Some would say the significance of the European service provider moves are all of the efforts to develop new services ranging from mobile advertising to new messaging technologies to counter competing and often free services from Apple and Google.

That sort of creeping competition between “access providers” and “handset or application providers” might be viewed as a logical extension of current roles into adjacent business roles.

But that raises a bigger question: to what extent is it even feasible for access providers to consider abandoning that role within the ecosystem. In other words, are they network players or not?

There is a “soft” way of answering that question, and a “hard” alternative. The soft answer is that a specific company continues to offer access or transport services, but sources them from a third party.

As a mobile virtual network operator buys capacity from an underlying carrier, or a competitive local exchange carrier buys wholesale service from a third party, so a “soft” way of answering the question of whether a network services provider continues to operate is to say “yes,” but with an increasing emphasis on other ecosystem roles.

One example is the difference between a firm that sees its competencies in “marketing” rather than “network management.” That sort of firm might be comfortable sourcing access and transport from third parties. A firm that believes its core competence lies in networking will generally prefer to own its own network assets.

The more radical “hard” answer is that a company literally divests network assets and seeks its fortune elsewhere in the ecosystem. That so far has seemed an unworkable strategy.

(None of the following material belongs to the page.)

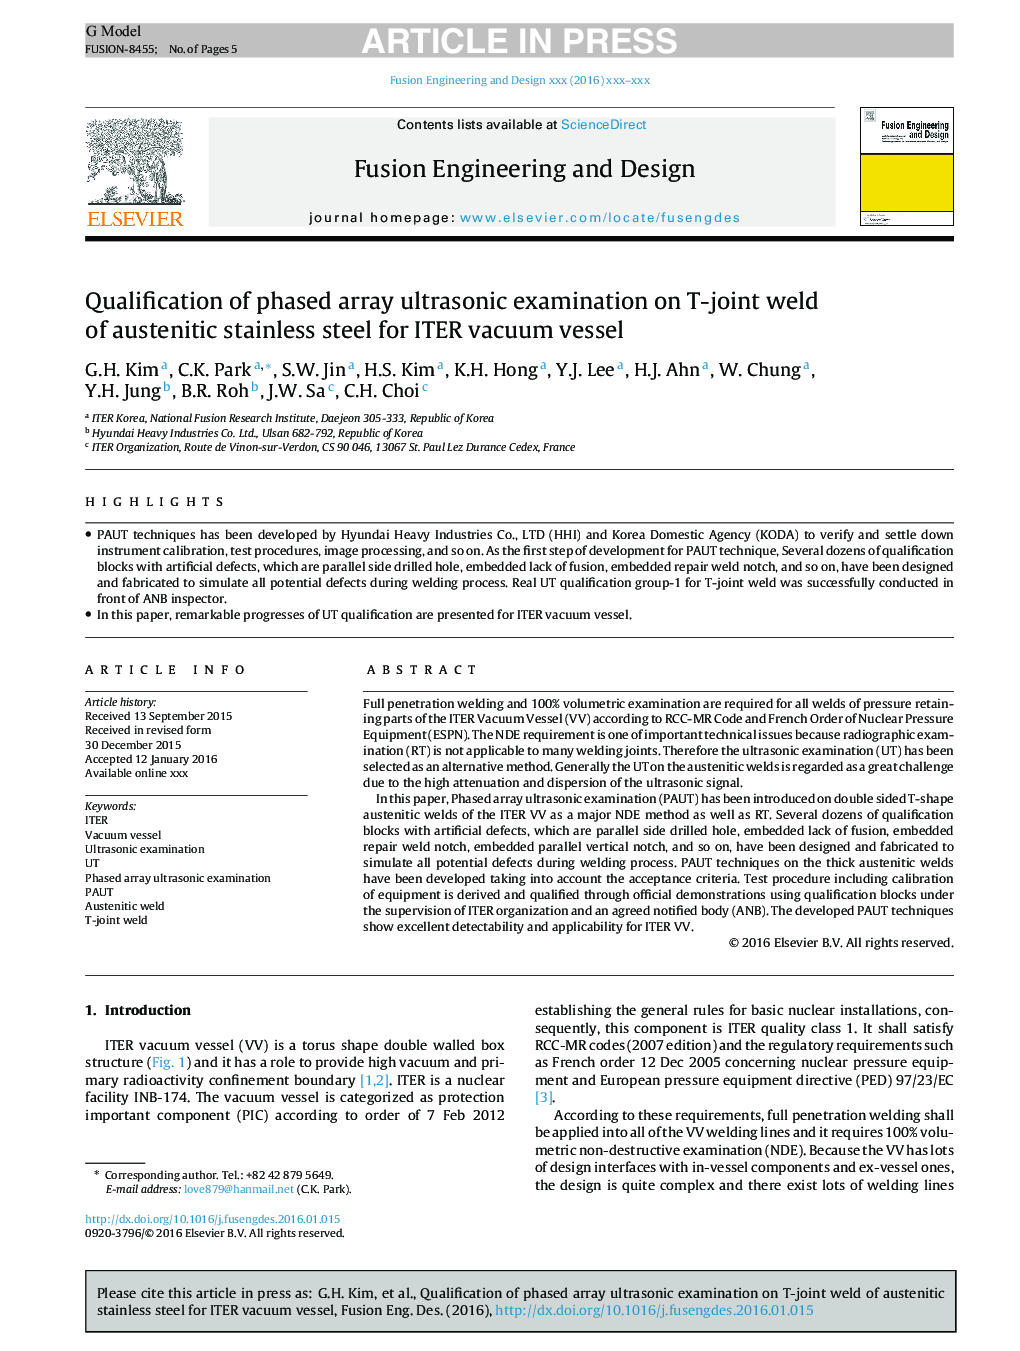 Qualification of phased array ultrasonic examination on T-joint weld of austenitic stainless steel for ITER vacuum vessel
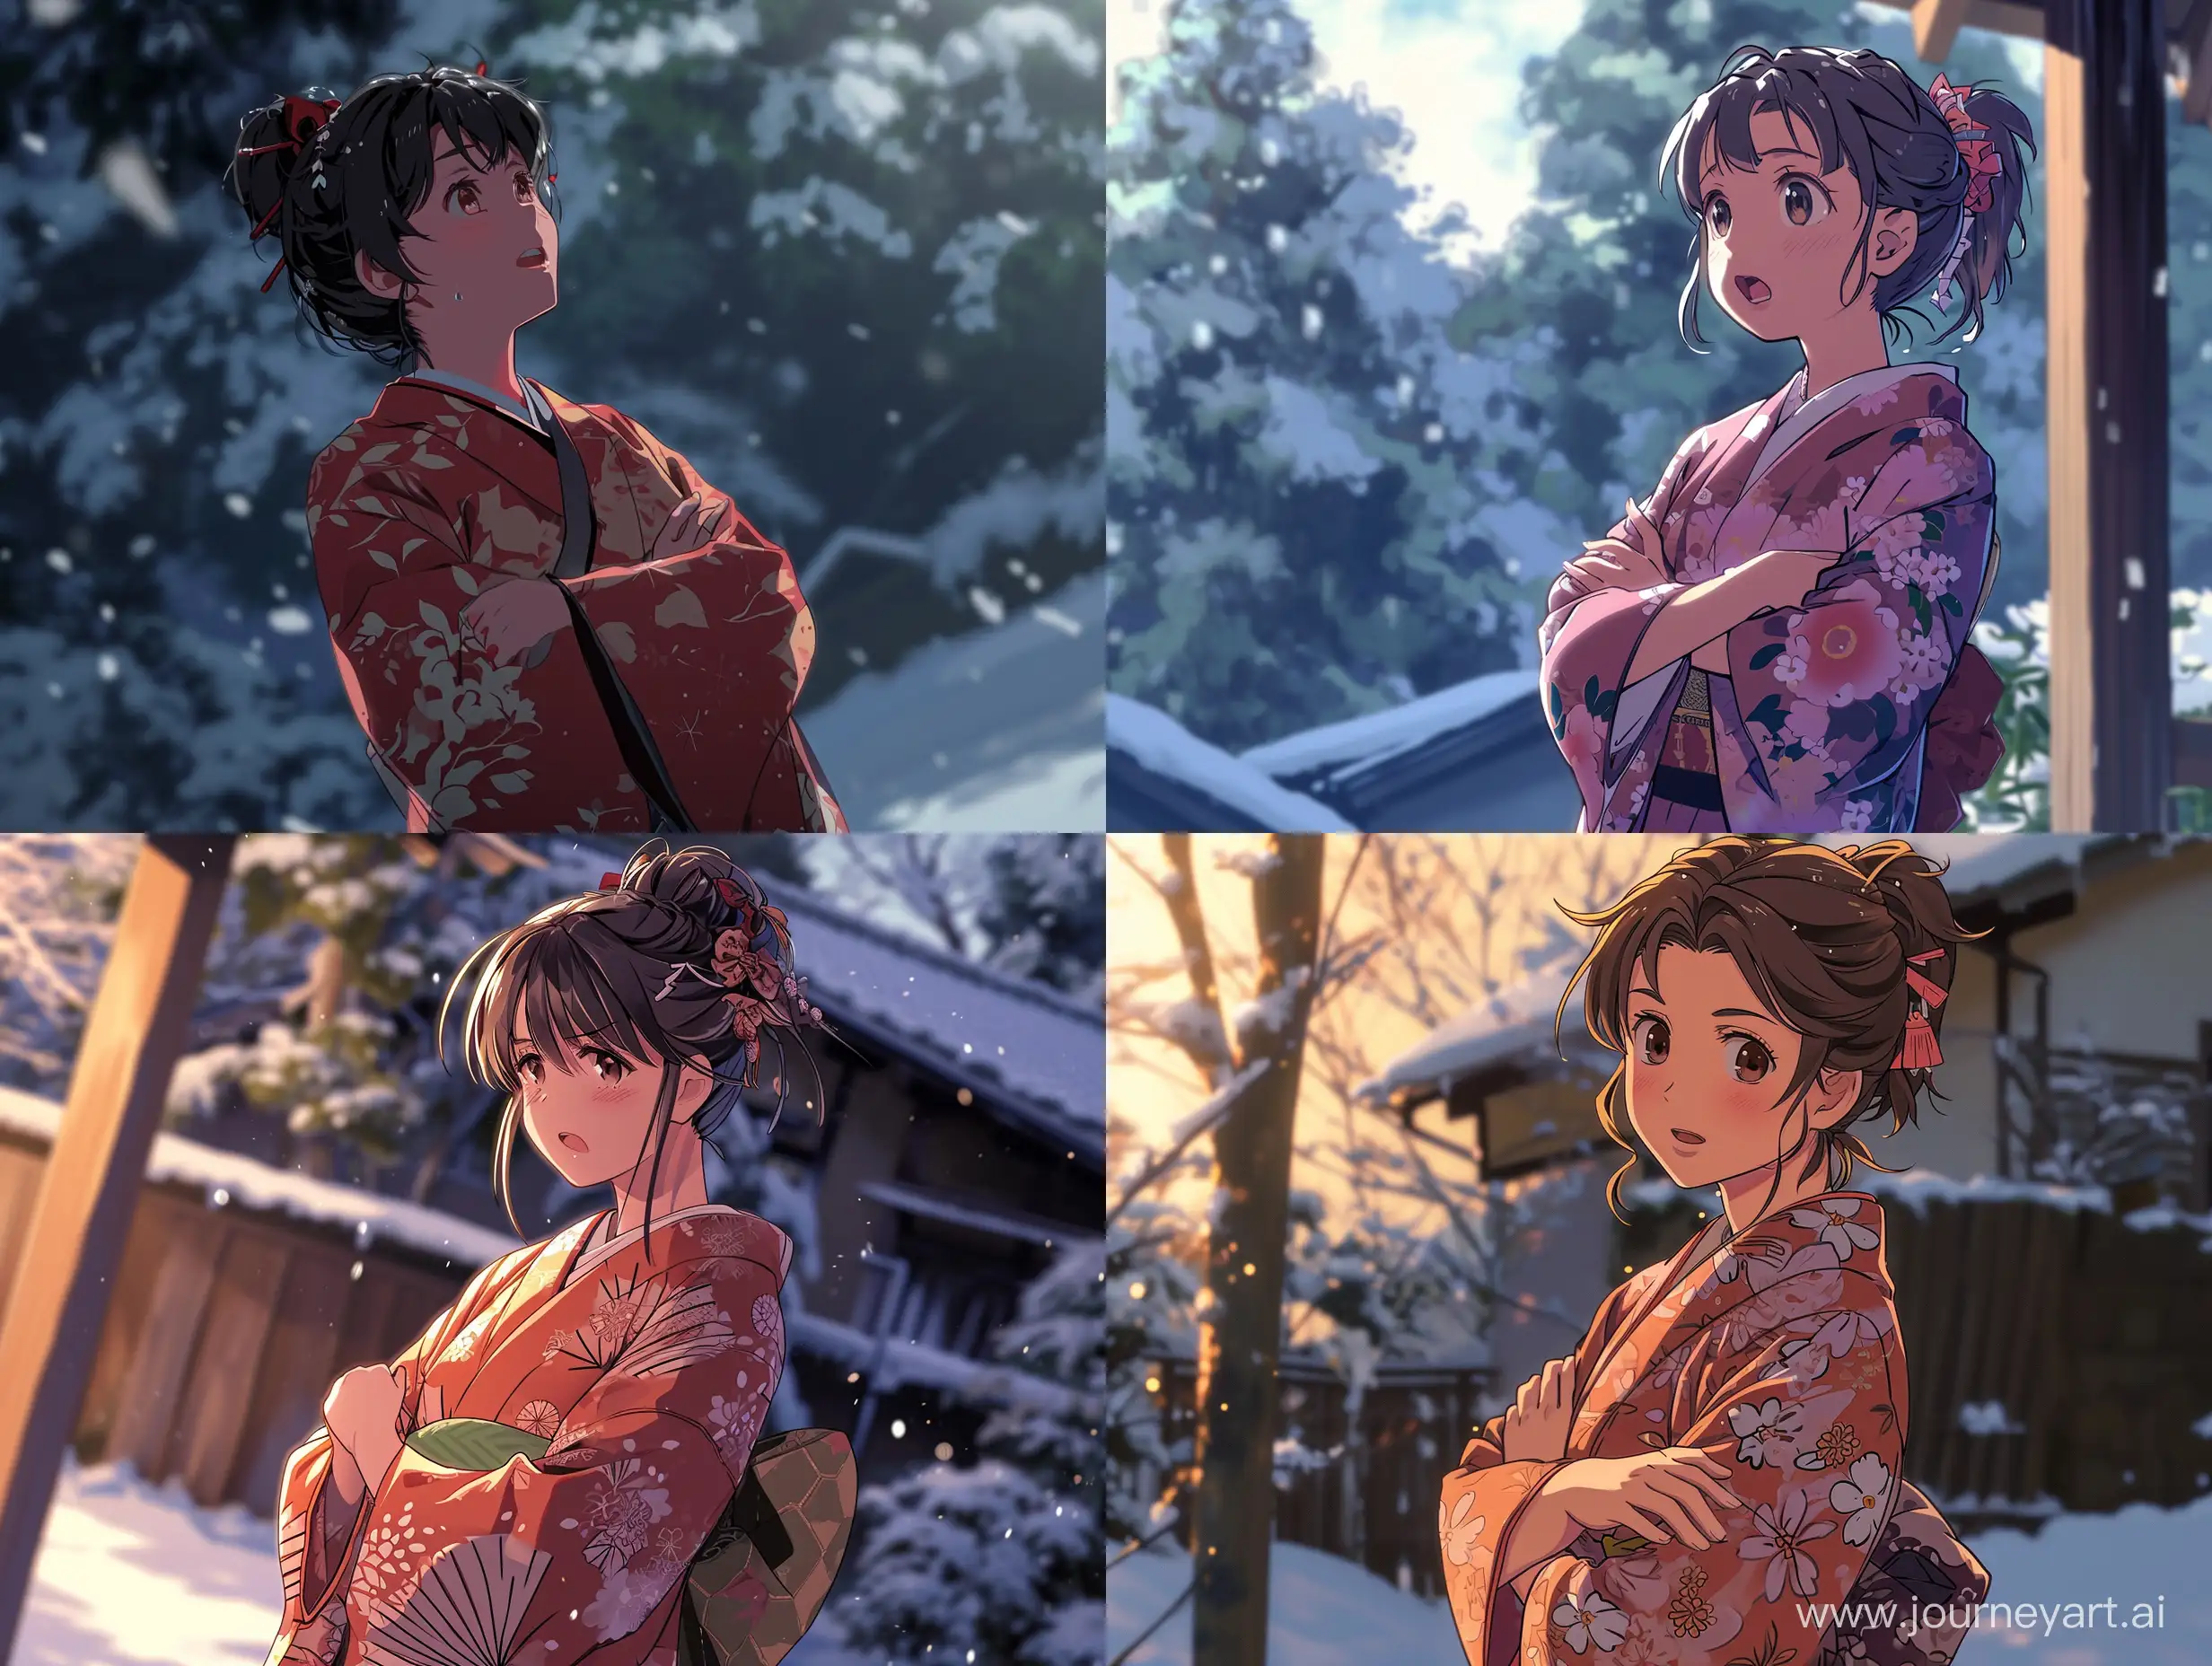 Elegant-Kimonoclad-Woman-with-Tsundere-Charm-in-a-Snowy-Morning-Scene

But it is not unknown. The 1985 divestiture of the Bell System had AT&T completely getting out of the access business, to focus exclusively on long distance and technology services (Bell Labs and Western Electric). In essence, AT&T became a technology supplier and long distance specialist, and not longer was a “telco” in sense of providing access services and “dial tone.”

Rochester Telephone in the 1990s essentially gave up its local exchange monopoly, creating a separate wholesale access company and then a separate retail services division. The deal was part of a larger bargain that gave Rochester Telephone the right to create a long distance services business, at the time seen as the faster-growing revenue opportunity.

In similar fashion, Singapore Telecom gave up its own retail monopoly in exchange for freedom to pursue offshore growth opportunities.

In those cases, an incumbent gave up ownership of the “networks” business to become just one of many local retail providers. To be sure, Rochester Tel and SingTel continue to sell access services, but don’t own the networks.

The more radical, “hard” strategy would have had either firm abandoning the access business entirely.

That probably still will be an exceedingly rare occurrence. What could prove less rare are divestitures of whole parts of an access business though, as if a firm divests landline assets to become a wireless “pure play.”

The point is that it would at one time have been meaningless to talk about direct competition between an application provider or device manufacturer and a telco or cable company. That increasingly is less true.